Work task: Starting with the first line below, reproduce each line exactly until you have included the one bearing "Dance Show by Jehanne-Marie Milne-43.jpg".

(Data records)

....

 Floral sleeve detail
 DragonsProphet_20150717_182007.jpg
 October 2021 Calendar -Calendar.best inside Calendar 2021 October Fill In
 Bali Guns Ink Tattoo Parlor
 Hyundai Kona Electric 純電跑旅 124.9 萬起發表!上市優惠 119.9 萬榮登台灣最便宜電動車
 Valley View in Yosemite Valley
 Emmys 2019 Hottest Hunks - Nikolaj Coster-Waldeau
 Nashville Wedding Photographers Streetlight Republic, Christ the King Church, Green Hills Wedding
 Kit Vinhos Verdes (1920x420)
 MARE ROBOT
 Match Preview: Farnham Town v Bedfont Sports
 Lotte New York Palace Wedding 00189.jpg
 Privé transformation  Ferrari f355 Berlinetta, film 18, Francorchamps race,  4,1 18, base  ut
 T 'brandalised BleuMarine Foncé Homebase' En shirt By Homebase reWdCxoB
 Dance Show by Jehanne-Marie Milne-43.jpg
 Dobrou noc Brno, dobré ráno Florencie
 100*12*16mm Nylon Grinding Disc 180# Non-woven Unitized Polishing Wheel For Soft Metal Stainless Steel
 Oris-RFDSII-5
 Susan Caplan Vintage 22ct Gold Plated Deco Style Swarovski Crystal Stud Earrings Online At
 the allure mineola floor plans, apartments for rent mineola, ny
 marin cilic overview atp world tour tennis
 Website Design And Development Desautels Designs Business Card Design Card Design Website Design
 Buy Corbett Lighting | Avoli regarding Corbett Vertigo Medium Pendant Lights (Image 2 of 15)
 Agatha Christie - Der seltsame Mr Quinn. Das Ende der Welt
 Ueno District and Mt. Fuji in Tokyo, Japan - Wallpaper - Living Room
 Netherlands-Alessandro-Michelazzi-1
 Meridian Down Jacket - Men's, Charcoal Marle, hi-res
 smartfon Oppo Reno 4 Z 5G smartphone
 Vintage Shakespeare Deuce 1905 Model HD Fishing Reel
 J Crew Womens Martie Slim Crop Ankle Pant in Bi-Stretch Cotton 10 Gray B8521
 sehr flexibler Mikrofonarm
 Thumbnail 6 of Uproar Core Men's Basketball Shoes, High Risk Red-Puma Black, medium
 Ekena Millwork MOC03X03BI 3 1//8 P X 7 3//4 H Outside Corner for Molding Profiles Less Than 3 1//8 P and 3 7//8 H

....

Answer to the exercise:
 Floral sleeve detail
 DragonsProphet_20150717_182007.jpg
 October 2021 Calendar -Calendar.best inside Calendar 2021 October Fill In
 Bali Guns Ink Tattoo Parlor
 Hyundai Kona Electric 純電跑旅 124.9 萬起發表!上市優惠 119.9 萬榮登台灣最便宜電動車
 Valley View in Yosemite Valley
 Emmys 2019 Hottest Hunks - Nikolaj Coster-Waldeau
 Nashville Wedding Photographers Streetlight Republic, Christ the King Church, Green Hills Wedding
 Kit Vinhos Verdes (1920x420)
 MARE ROBOT
 Match Preview: Farnham Town v Bedfont Sports
 Lotte New York Palace Wedding 00189.jpg
 Privé transformation  Ferrari f355 Berlinetta, film 18, Francorchamps race,  4,1 18, base  ut
 T 'brandalised BleuMarine Foncé Homebase' En shirt By Homebase reWdCxoB
 Dance Show by Jehanne-Marie Milne-43.jpg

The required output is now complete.